BEGIN
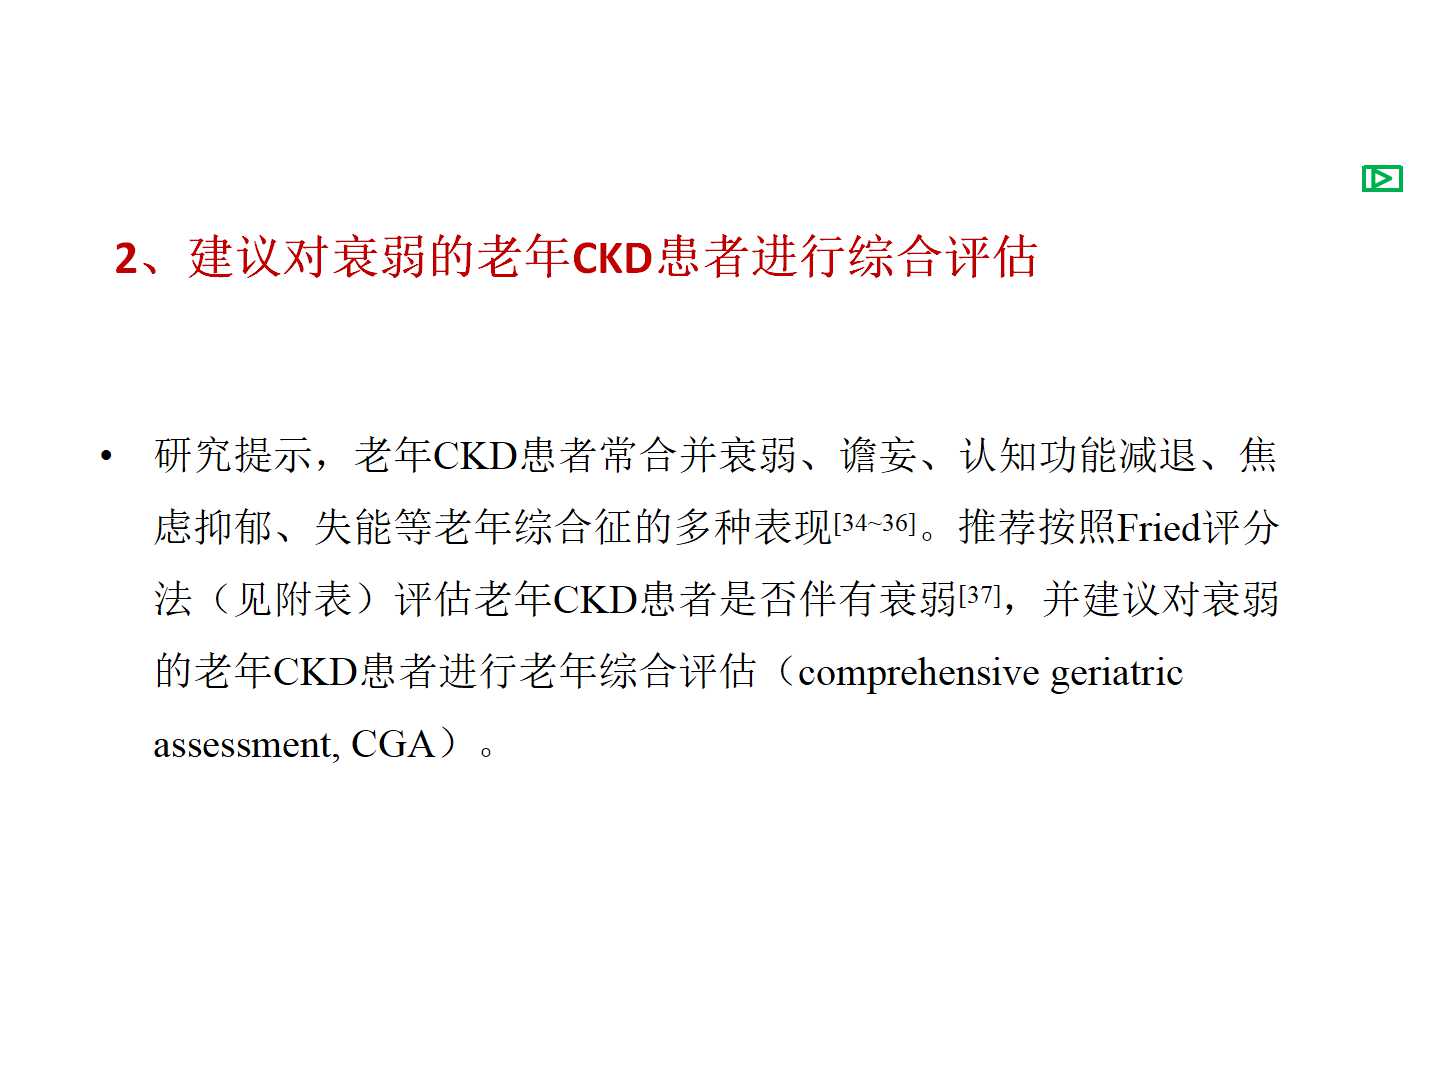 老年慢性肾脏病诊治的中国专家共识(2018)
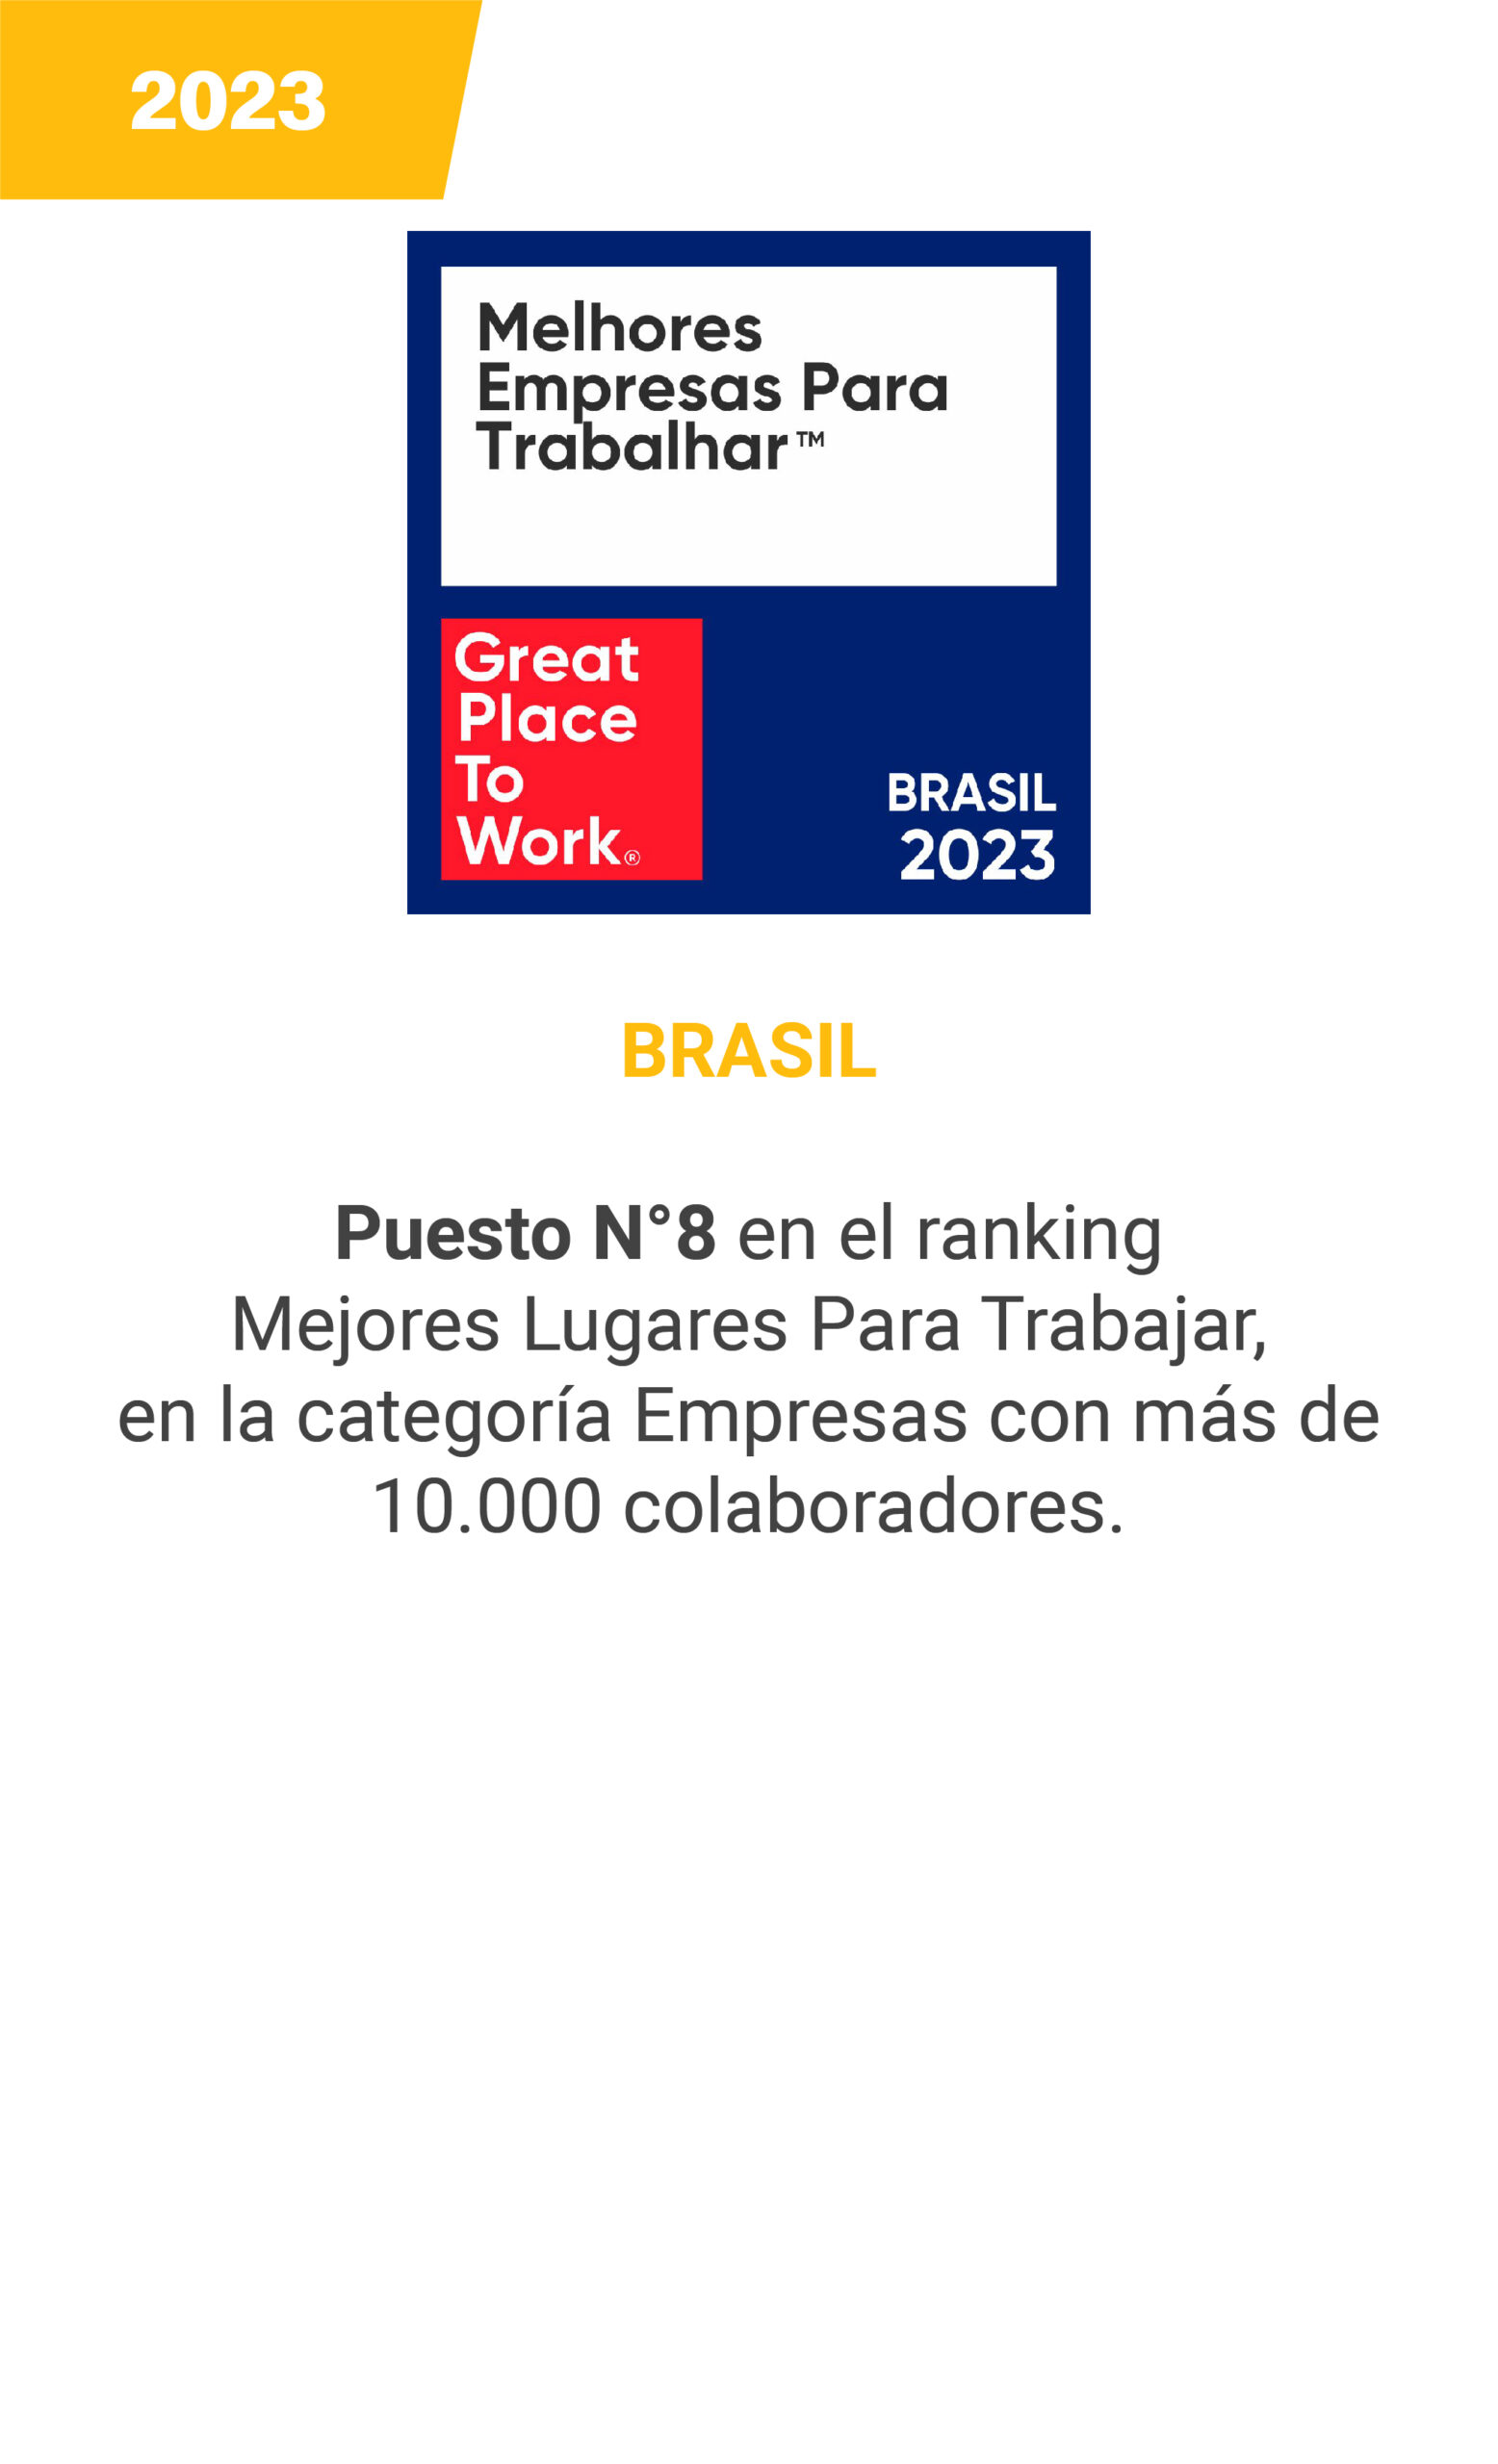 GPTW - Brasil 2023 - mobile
END
BEGIN
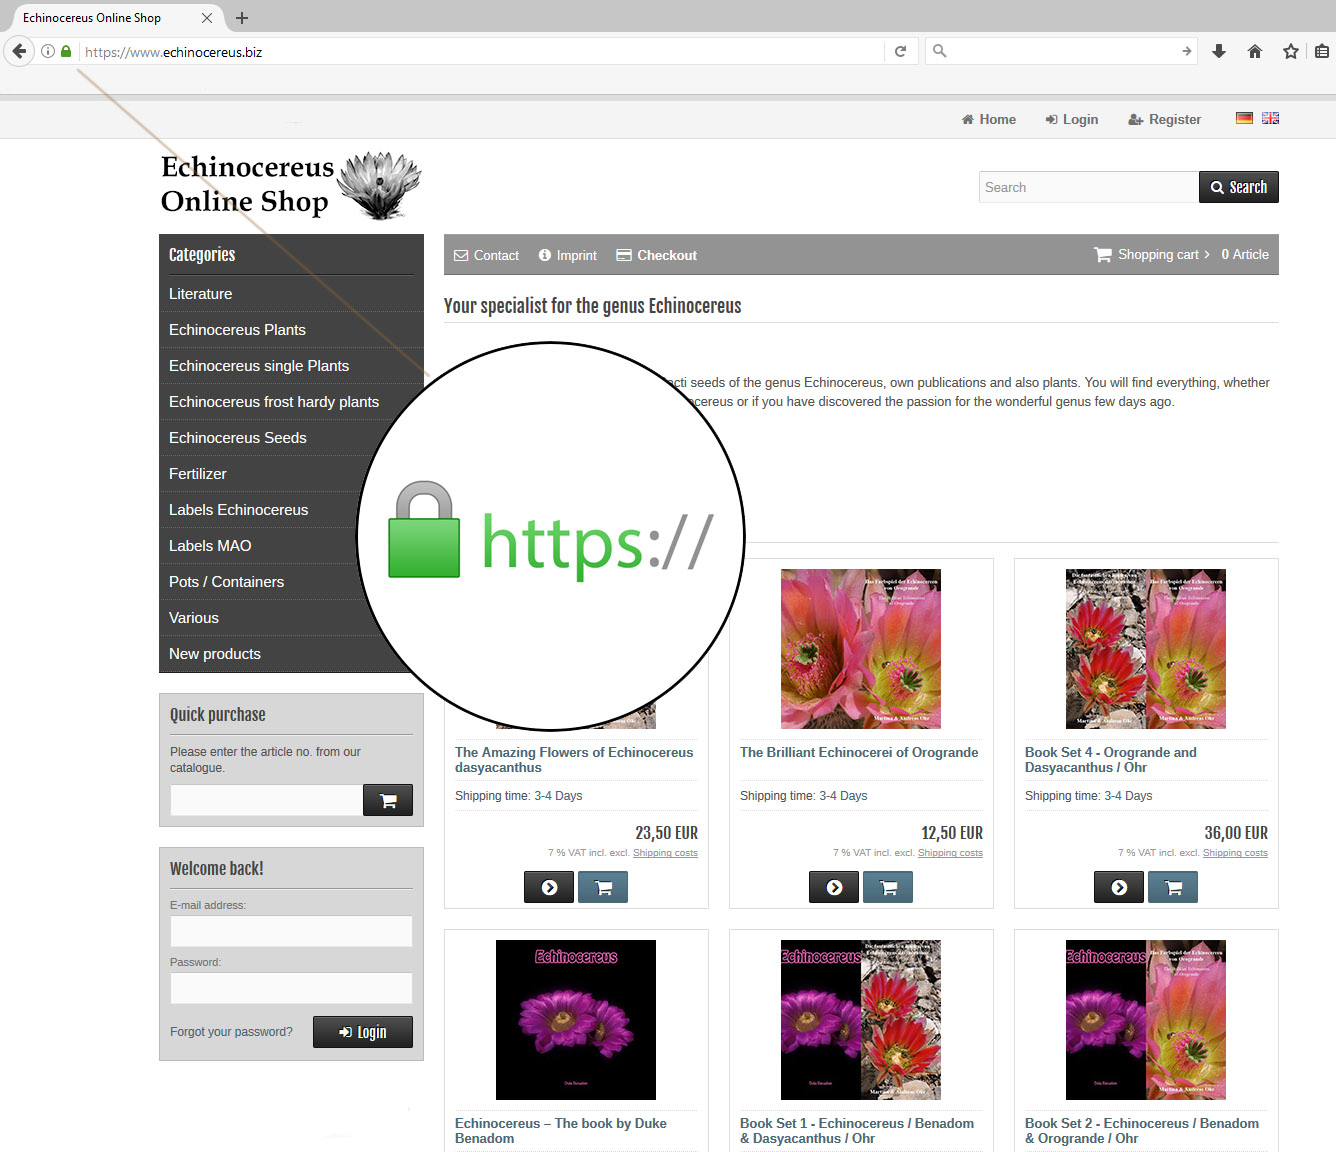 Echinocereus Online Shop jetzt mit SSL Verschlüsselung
END
BEGIN
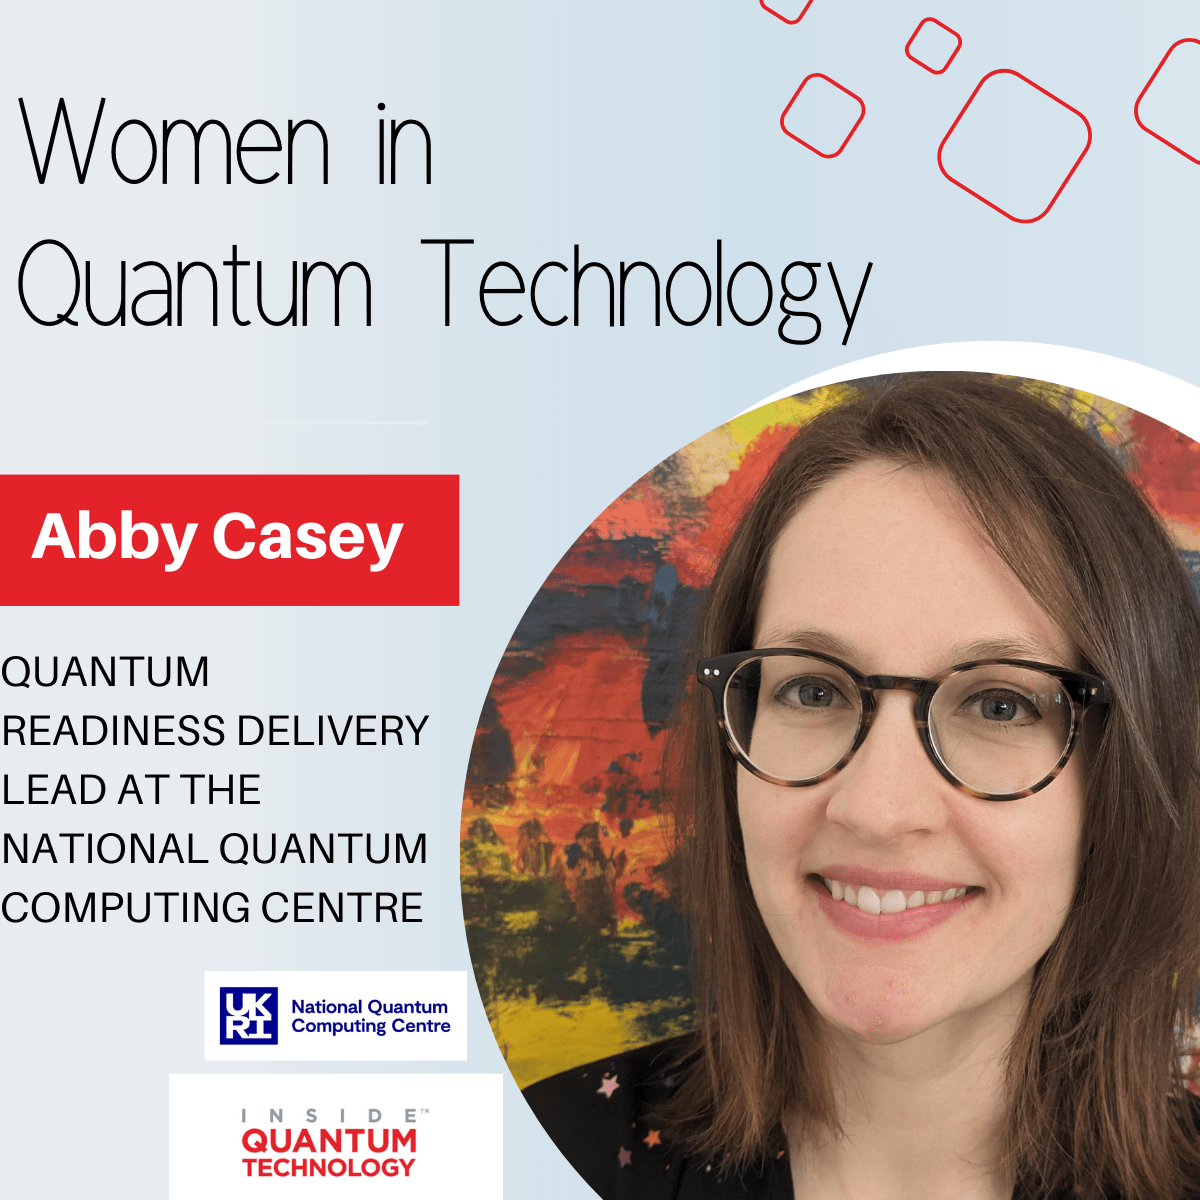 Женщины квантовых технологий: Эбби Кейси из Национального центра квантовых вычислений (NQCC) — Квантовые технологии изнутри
END
WHAT NEEDS TO BE DONE: Your answer is the exact run of lines above from the one with "老年慢性肾脏病诊治的中国专家共识(2018)" through the one with "GPTW - Brasil 2023 - mobile", both ends included, minus any picture.

REPLY TO THE EXERCISE:
 老年慢性肾脏病诊治的中国专家共识(2018)
 GPTW - Brasil 2023 - mobile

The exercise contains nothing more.